It is also clear that there exists \(\beta _0\) and \(\rho _0\) such that \(\frac{\rho }{T-t_0}<\varepsilon \) and \(\beta \Vert x_0\Vert ^2<\varepsilon \), for every \(\beta <\beta _0\) and \(\rho <\rho _0\). To summarize, we have shown that

$$\begin{aligned} M_{\alpha , \beta , \rho }(x_0,y_0,t_0)&= u(x_0,t_0)-v(y_0,t_0)-\alpha \Vert x_0-y_0\Vert ^2-\frac{\rho }{T-t_0}-\beta \Vert x_0\Vert ^2 \end{aligned}$$

(A.4)

$$\begin{aligned}&> \gamma -5\varepsilon \end{aligned}$$

(A.5)

$$\begin{aligned}&>M_b, \text { for small enough}\, \varepsilon . \end{aligned}$$

(A.6)

This concludes the proof. \(\square \)

Note that \({\hat{x}}\), \({\hat{y}}\) and \({\hat{t}}\) depend on \(\alpha \), \(\beta \) and \(\rho \). We then have:

Lemma 7

$$\begin{aligned} \lim _{\alpha \rightarrow \infty } \varlimsup _{\beta ,\rho \rightarrow 0} \alpha \Vert {\hat{x}} -{\hat{y}}\Vert ^2 =0. \end{aligned}$$

Proof

From Lemma 6, \(\sup _{{{\mathbb {R}}}^n\times {{\mathbb {R}}}^n \times [0,T]}M_{\alpha ,\beta ,\rho }>0\) and this along with the boundedness of u, v means that

$$\begin{aligned} \alpha \Vert {\hat{x}}-{\hat{y}}\Vert ^2 +\beta \Vert {\hat{x}}\Vert ^2 + \frac{\rho }{T-{\hat{t}}}\le \Vert u\Vert _\infty +\Vert v\Vert _\infty \doteq M. \end{aligned}$$

This immediately gives us

$$\begin{aligned} \Vert {\hat{x}}-{\hat{y}}\Vert \le \sqrt{\frac{M}{\alpha }}, \; \beta \Vert {\hat{x}}\Vert ^2\le M \text { and } \frac{\rho }{T-{\hat{t}}}\le M, \end{aligned}$$

then

$$\begin{aligned} \sup _{{{\mathbb {R}}}^n\times {{\mathbb {R}}}^n\times [0,T]}M_{\alpha ,\beta ,\rho }-\sup _{{{\mathbb {R}}}^n\times {{\mathbb {R}}}^n\times [0,T]}M_{\frac{\alpha }{2},\frac{\beta }{2},\frac{\rho }{2}}&\le M_{\alpha ,\beta ,\rho }({\hat{x}},{\hat{y}}, {\hat{t}})- M_{\frac{\alpha }{2},\frac{\beta }{2},\frac{\rho }{2}}({\hat{x}},{\hat{y}},{\hat{t}})\\&= -\frac{\alpha }{2}\Vert {\hat{x}}-{\hat{y}}\Vert ^2 -\frac{\beta }{2}\Vert {\hat{x}}\Vert ^2 -\frac{\rho }{2(T-{\hat{t}})} \end{aligned}$$

From Lemma 6, we know that \(M_{\alpha ,\beta ,\rho }\) is bounded away from zero from below uniformly for small enough \(\beta \) and \(\rho \) and all \(\alpha \).

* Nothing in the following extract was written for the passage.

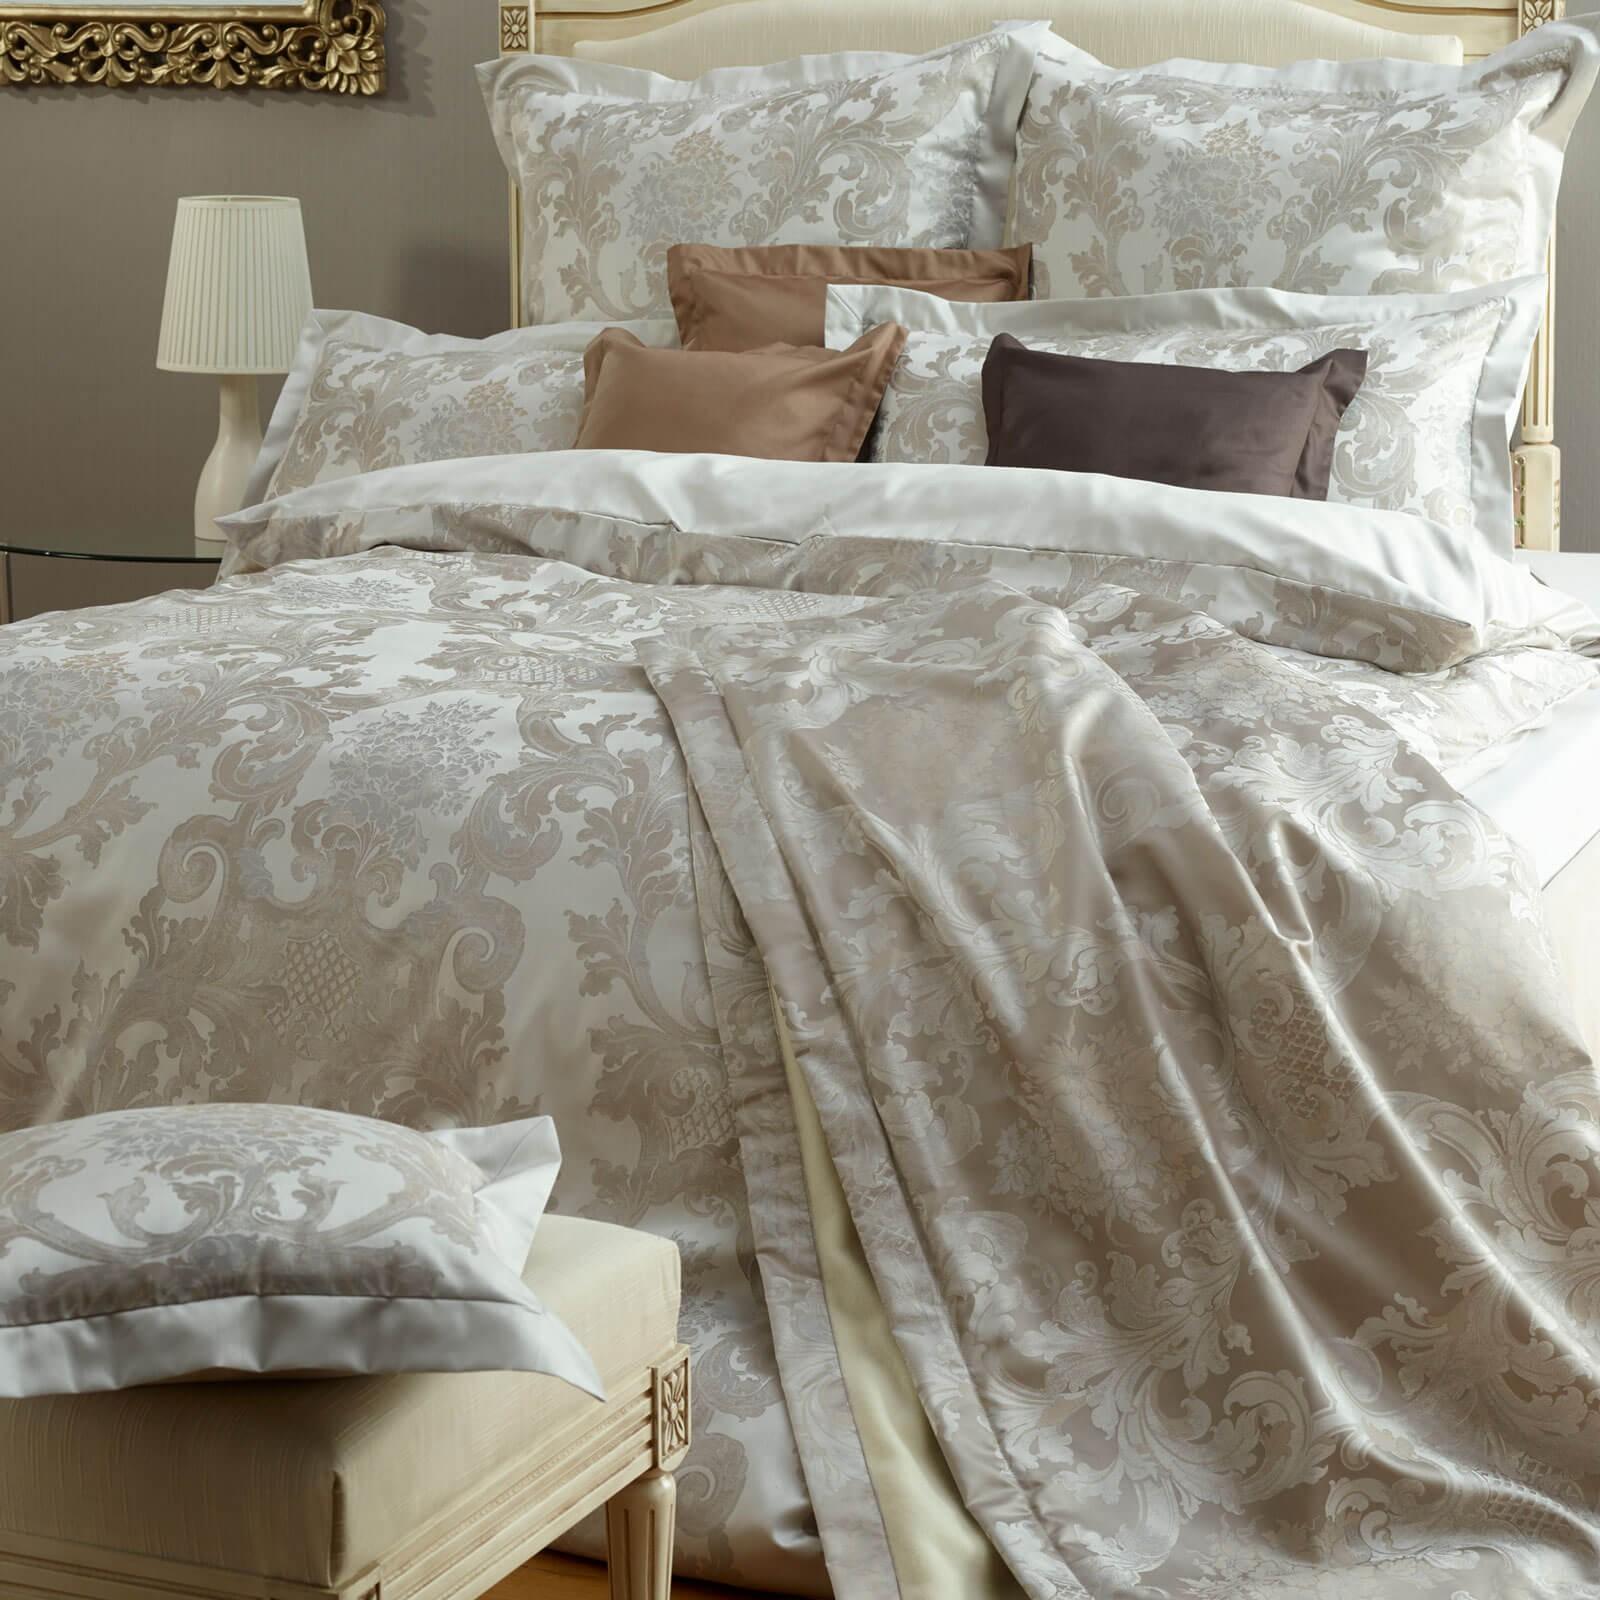 bettw sche curt bauer louis 2476 altsilber. Black Bedroom Furniture Sets. Home Design Ideas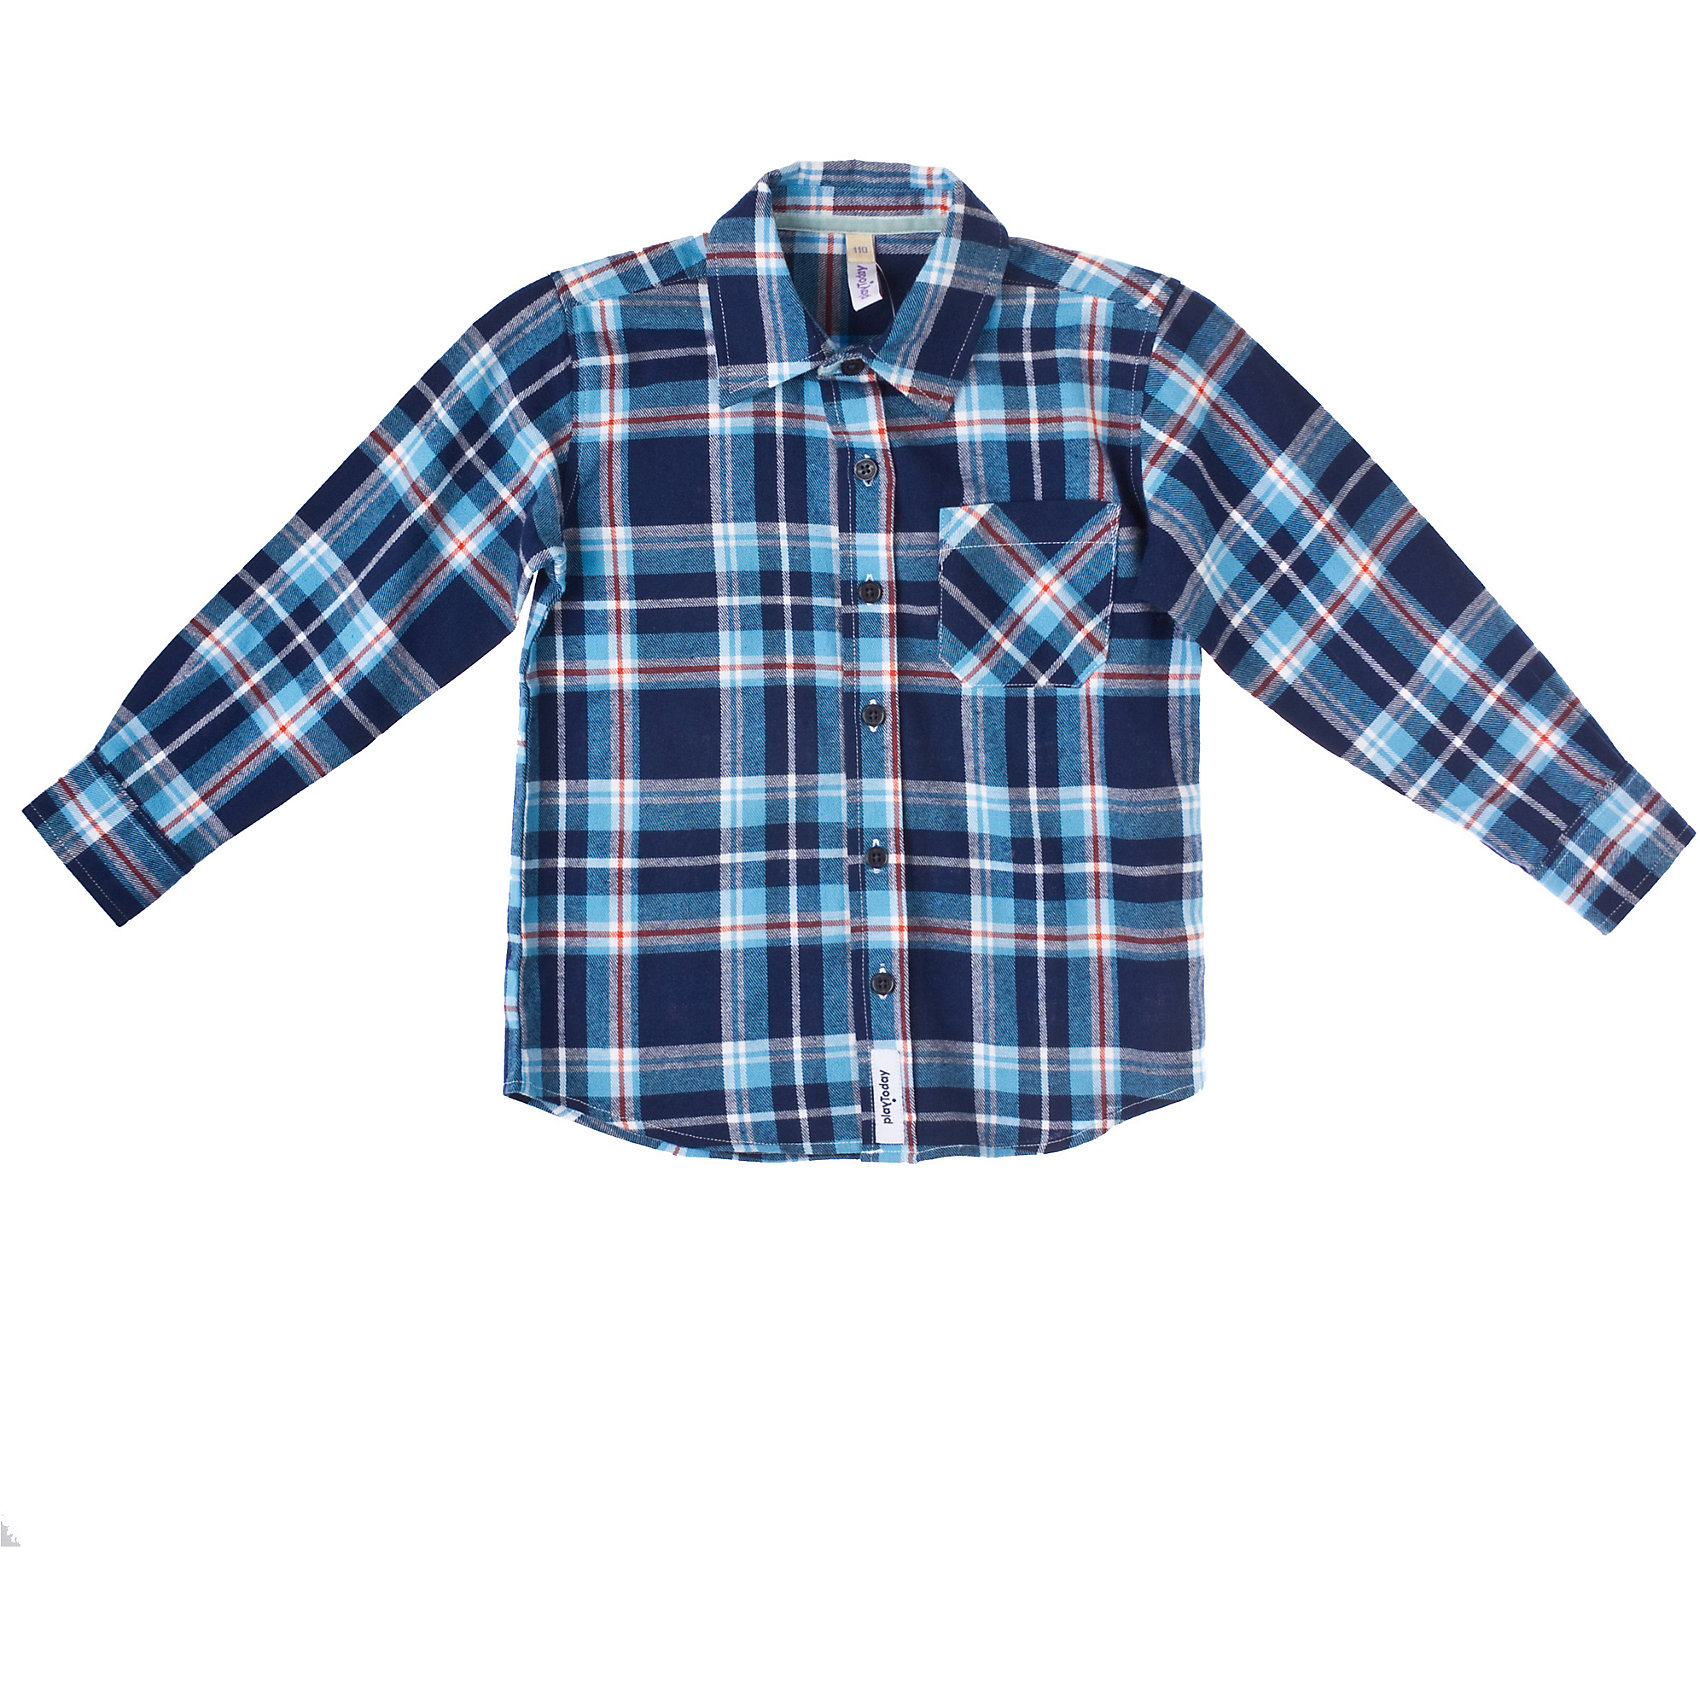 Рубашка для мальчика PlayTodayСорочка для мальчика PlayToday Классическая байковая рубашка в клетку на пуговицах. Отложной воротничок, манжеты на пуговицах. На полочке - функциональный накладной карман. Состав: 100% хлопок<br><br>Ширина мм: 281<br>Глубина мм: 70<br>Высота мм: 188<br>Вес г: 295<br>Цвет: синий<br>Возраст от месяцев: 24<br>Возраст до месяцев: 36<br>Пол: Мужской<br>Возраст: Детский<br>Размер: 98,104,116,122,110,128<br>SKU: 4227905

From the monotone convergence theorem,

$$\begin{aligned} \lim _{\alpha \rightarrow \infty } \lim _{\beta ,\rho \rightarrow 0}\left( \alpha \Vert {\hat{x}} -{\hat{y}}\Vert ^2 + \beta \Vert {\hat{x}}\Vert ^2 + \frac{\rho }{T-{\hat{t}}}\right) =0 \end{aligned}$$

and we are done. \(\square \)

Lemma 8

For u, v as in Lemma 2, there exists \(\alpha _0\), \(\beta _0\) and \(\rho _0\) such that for every \(\forall \alpha >\alpha _0\), \(\beta <\beta _0\) and \(\rho <\rho _0\), we have the following:

$$\begin{aligned} \sup _{{{{\mathbb {R}}}^n}\times {{{\mathbb {R}}}^n}\times [0,T]}M_{\alpha , \rho ,\beta } > \sup _{{{\mathbb {R}}}^n}\left\{ [u(x,0)-v(x,0)]\vee 0\right\} . \end{aligned}$$

Proof

Suppose v is uniformly continuous. Assume the contrary to the statement of the lemma. Then there exists a sequence \((\alpha _n,\beta _n,\rho _n) \rightarrow (\infty , 0 ,0)\) such that the corresponding \({\hat{t}}=0\) (as \({\hat{t}}\ne T\) because of the term involving \(\rho \)). It is easy to see from definition of \(M_{\alpha ,\beta ,\rho }\), Lemmas 6 and 7 that

$$\begin{aligned} M_b<M_{\alpha _n,\beta _n,\rho _n}({\hat{x}},{\hat{y}},0)&\le u({\hat{x}},0)-v({\hat{y}},0)\\&\le v({\hat{x}},0)-v({\hat{y}},0)+ \sup _{{{\mathbb {R}}}^n}\left\{ [u(\hat{x},0)-v(\hat{x},0)]\vee 0\right\} . \end{aligned}$$

Letting \(n \rightarrow \infty \) and using uniform continuity of v, we have \(M_b < M_b\), a contradiction.\(\square \)